There’s something cruel about a country that elevates renovation advice to the realm of sacred knowledge but is coolly evasive when it comes to solving the algebra of actually buying a home.
Today, we can turn on the TV and meet couples with a mystifying knack for grouting floors and browse interior blogs that tell us that we can find the keys to a better life in a white-washed sunroom. Yet, according to a May 2016 Australian Financial Review report, the dream of trading in the terror of impending eviction for a suburban house with a backyard or, heck, even an apartment the size of a shoebox is starting to look about as plausible as a reality TV plot.
The report, which cites statistics from Moody’s Investor Service, found that Sydneysiders spend an average of 35.6 per cent of their income on mortgage repayments, Melbourne home-owners devote 30 per cent of their monthly paycheck to their mortgage and that housing affordability was also declining in Adelaide and Brisbane. A 2016 Demographia International Housing Affordability Survey which revealed that owning a house in an Australian city costs 5.6 times the median household income and that Sydney is the world’s second most expensive city, ahead of Los Angeles and London, is a case in point.
I realised that [working to pay a mortgage] wasn’t about dollars but about the life force that you expend.
Fred Schultz believes that this pressure to yoke ourselves to a hefty mortgage is a relic of a dream that no longer makes sense.
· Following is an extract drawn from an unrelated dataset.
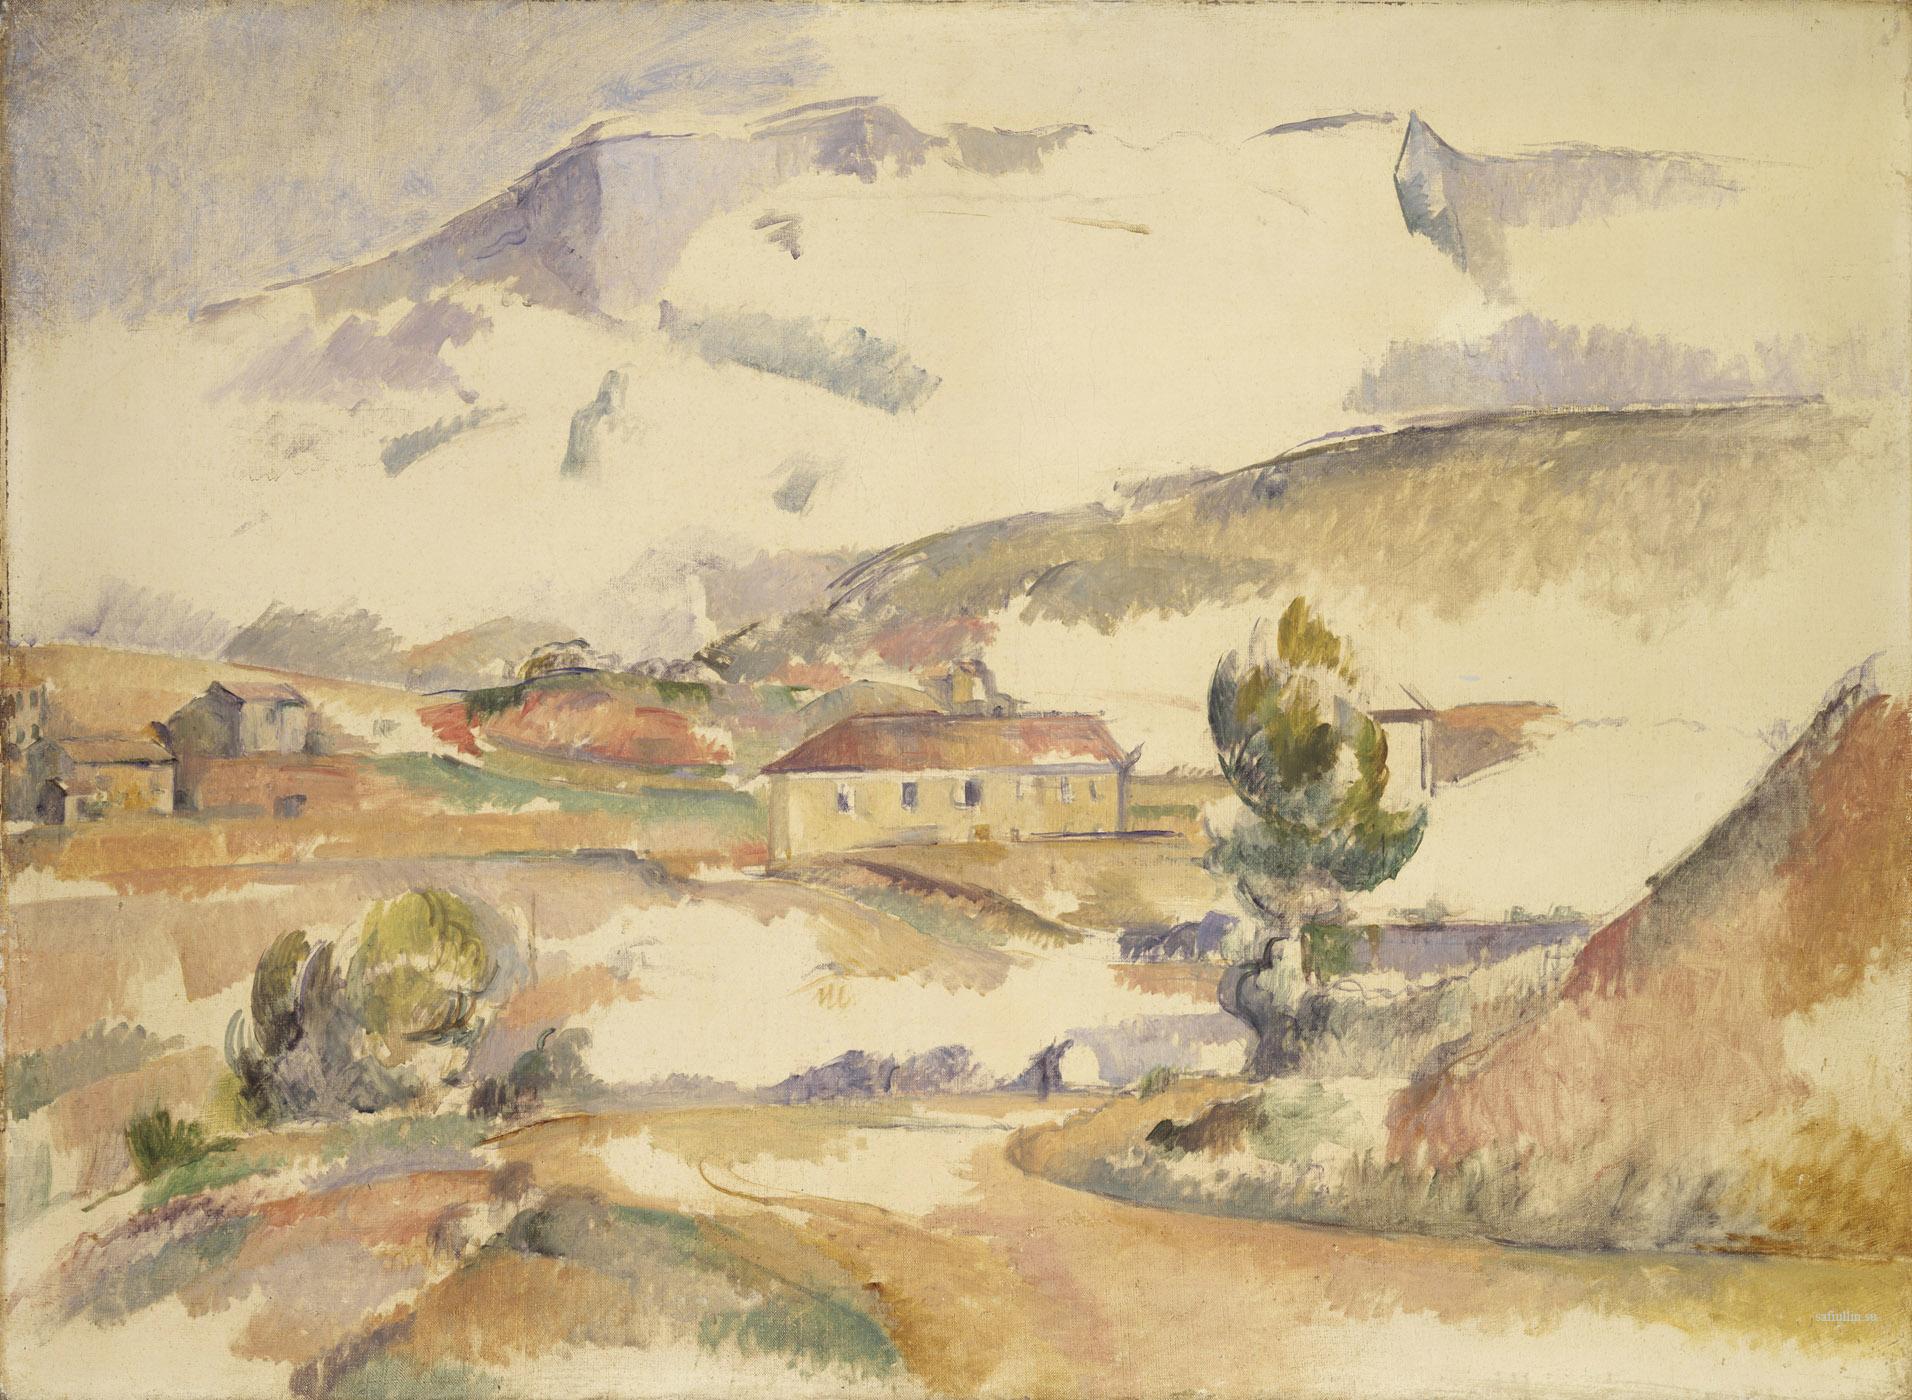 Сезанн картина Sainte-Victoire1886 пейзажи природы Сафиуллин

Schultz tells me that he originally built a 10-square metre home on a trailer in Templestowe, Victoria, when he realised that the compromises associated with home ownership were out of sync with his own values.
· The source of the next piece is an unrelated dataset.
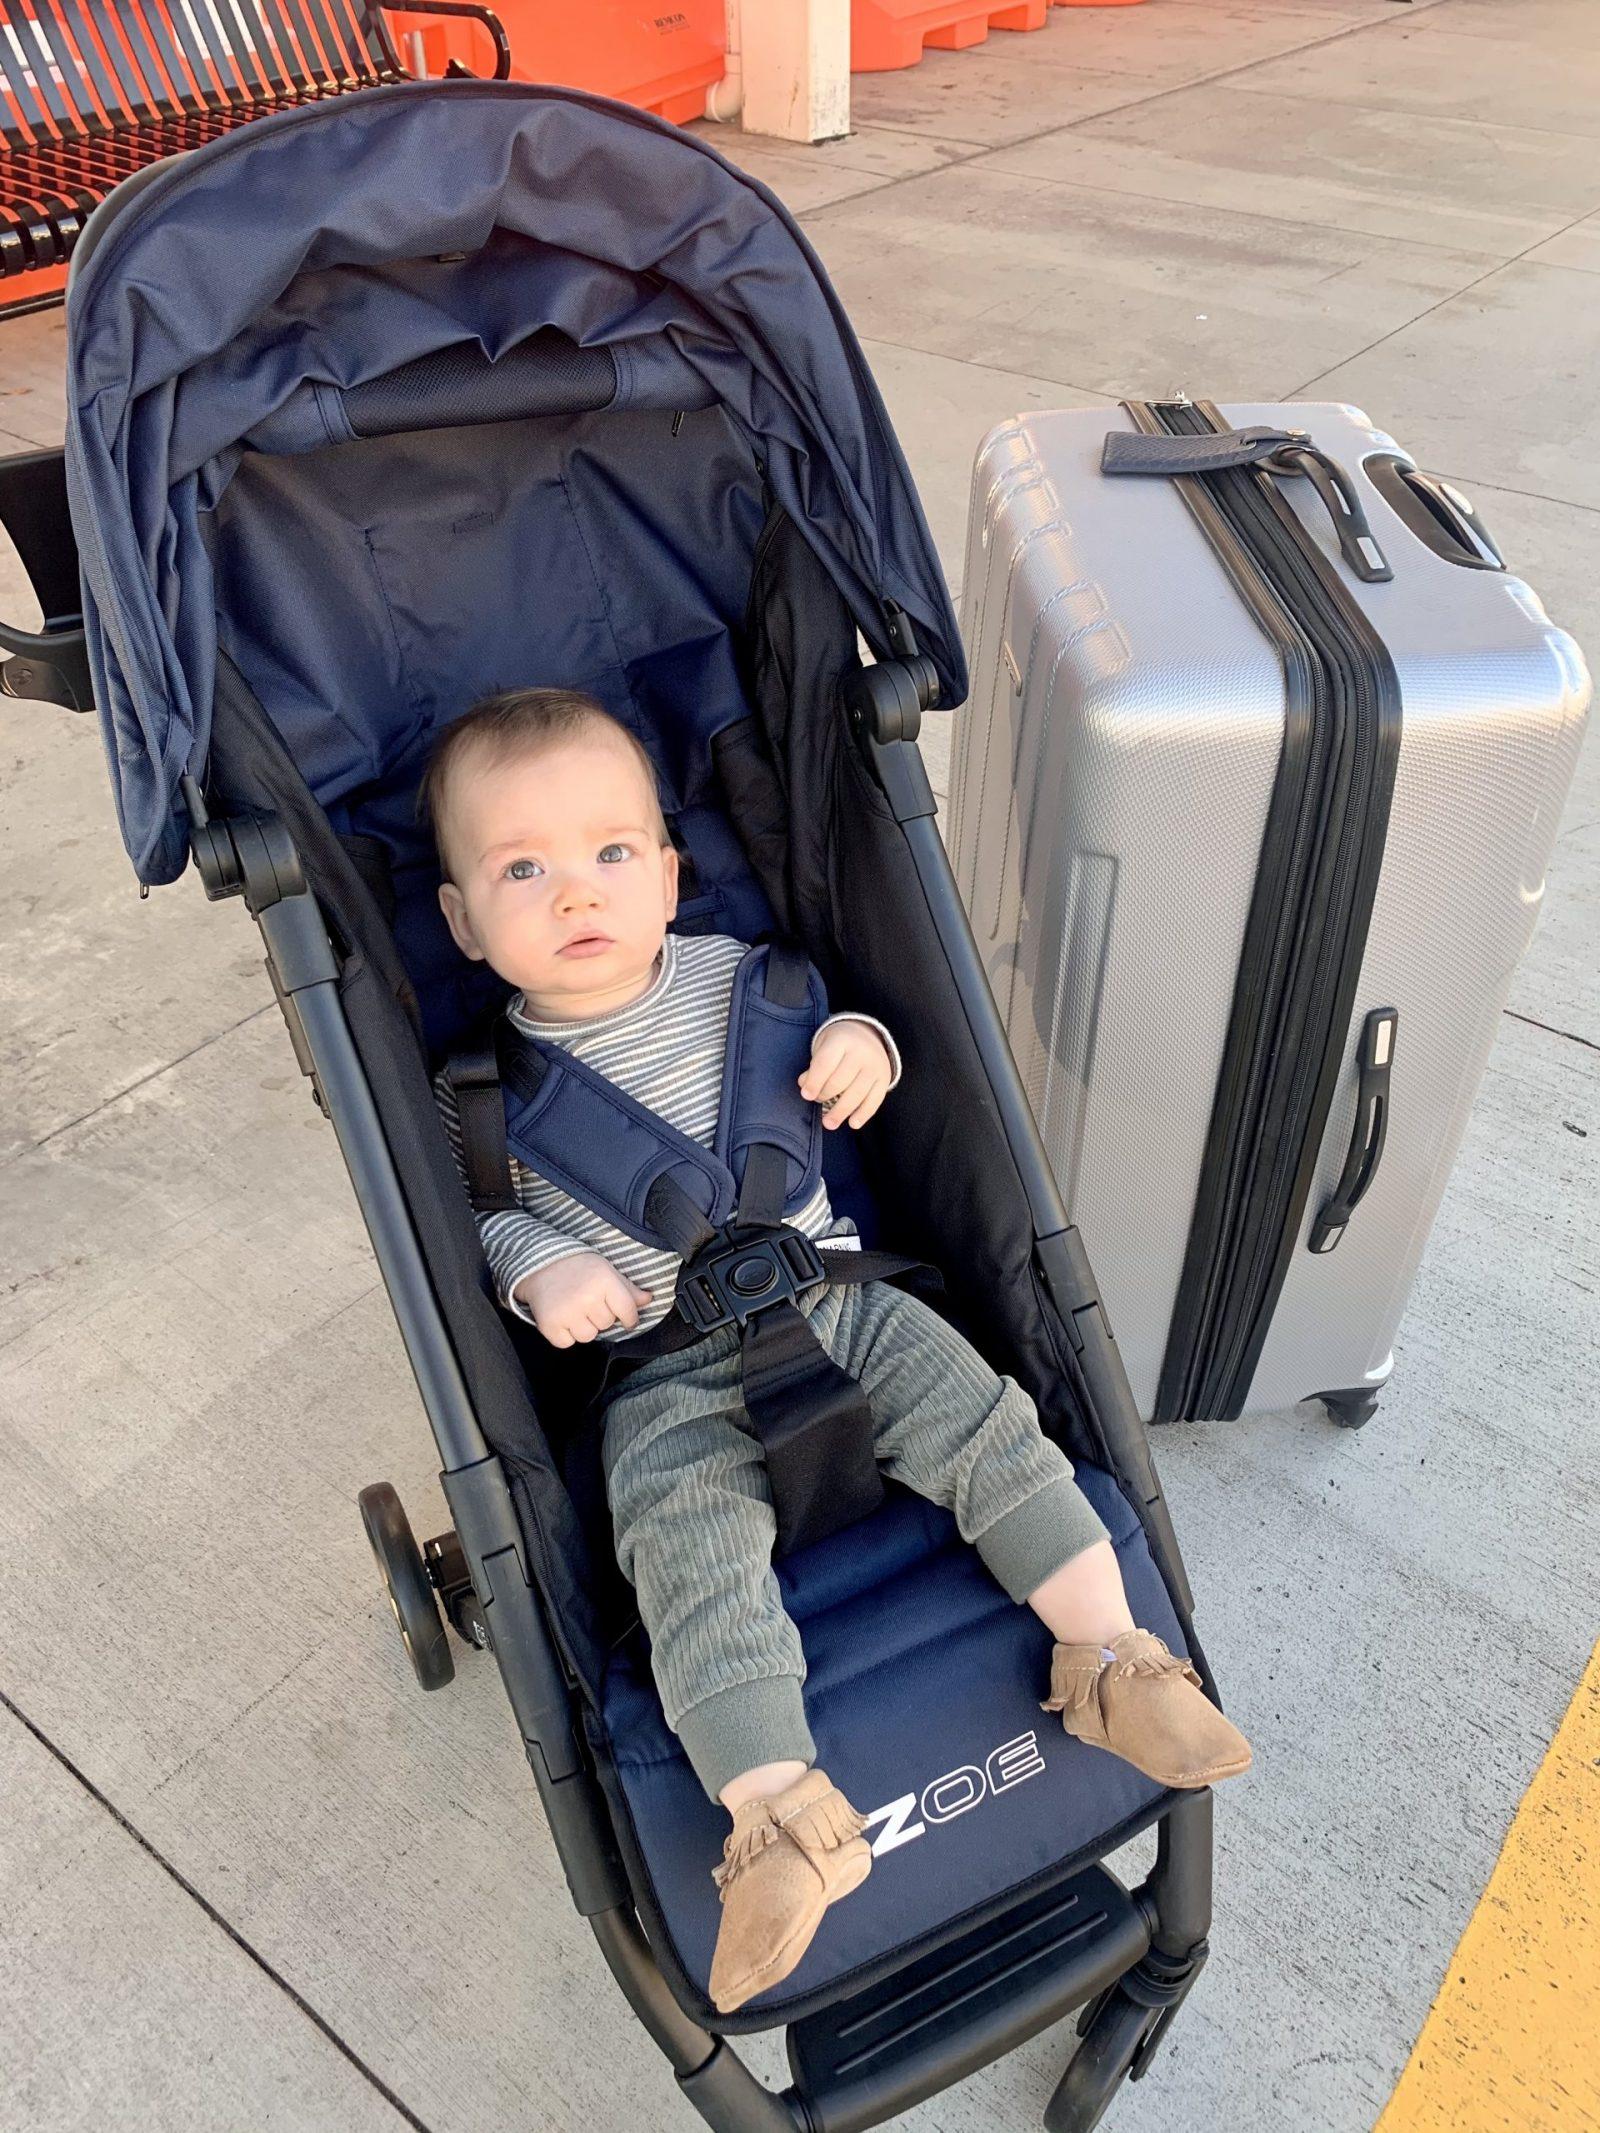 Zoe xlc traveler stroller

“I was over 50 and getting sick of my job when it struck me that the program that we’ve been given by society – that if you work hard you can own your own home – had never worked for me,” says Schultz, who lives with his wife and young daughter and runs a business to help clients build their own pint-sized homes. “As I got older, my time became more valuable and I realised that [working to pay a mortgage] wasn’t about dollars but about the life force that you expend. I decided that I could control the expense side of things and that there was no reason that I couldn’t make what we lived in.”
Schultz, who was inspired by the Tiny House Movement – the global community of city-dwellers rejecting McMansions for miniature dwellings that enable flexible, sustainable living – says that although tiny houses demand an upfront investment the advantages far outweigh the costs.
“A tiny house on wheels can be built more quickly and the ongoing costs are radically reduced,” he says. “If you’re by yourself it’s not as bad but if you have a family, you can only have one person cooking at a time. But knowing what you need and limiting it to that can help you adapt.”
For Bill Johnson, a 45-year old Sydneysider who has spent the last decade living on a boat in various locations around Sydney Harbour, the Australian Dream has less to do with bricks and mortar and more to do with creating a home that’s true to his needs.
“I used to own a flat in the inner city and really hated it and thought that it would be better for my mental health to live on water,” he says. “I have a really nice spot where most of the general public can’t access. Before I spent my money on a boat, I thought about buying a truck and installing skylights and solar panels. I don’t use petrol much because I like to do everything ecologically.”
For new migrants or those from different cultural backgrounds, stable housing can be a route to community and mutual support.
But although making a home on the water reads like a fantasy (albeit one that’s not strictly legal), Johnson says that poor regulation, distance from essential services and maintenance costs can make it difficult to sustain in the long term. “It takes a long time to establish yourself. Once people get in bad health, they just have to move back to land.”
For new migrants or those from different cultural backgrounds, stable housing can be a route to community and mutual support. Ruben Amores, who helped establish the Kapit-bahayan Cooperative, a co-operative designed to provide affordable housing for Filipino families in 1995, says that the co-op model provides its members with a sense of ownership while recreating the trust and camaraderie typical of Filipino traditions.
“Rent is calculated on actual family income and residents are assured of long-term accommodation and those who have less stable employment are greatly assisted by the co-op,” explains Amores, adding that the co-op now spans six sites in Sydney’s West. “The tenant-members are organised to work voluntarily in helping manage it. This develops a sense of empowerment among the tenant-members.”
Perhaps, re-imagining the Australian Dream means rejecting the pressure to conform to an ideal that’s no longer viable and mustering the courage to reject the script. As Schultz puts it, “it begins with unplugging yourself from what you’re supposed to think and do and looking beyond the options that are available.”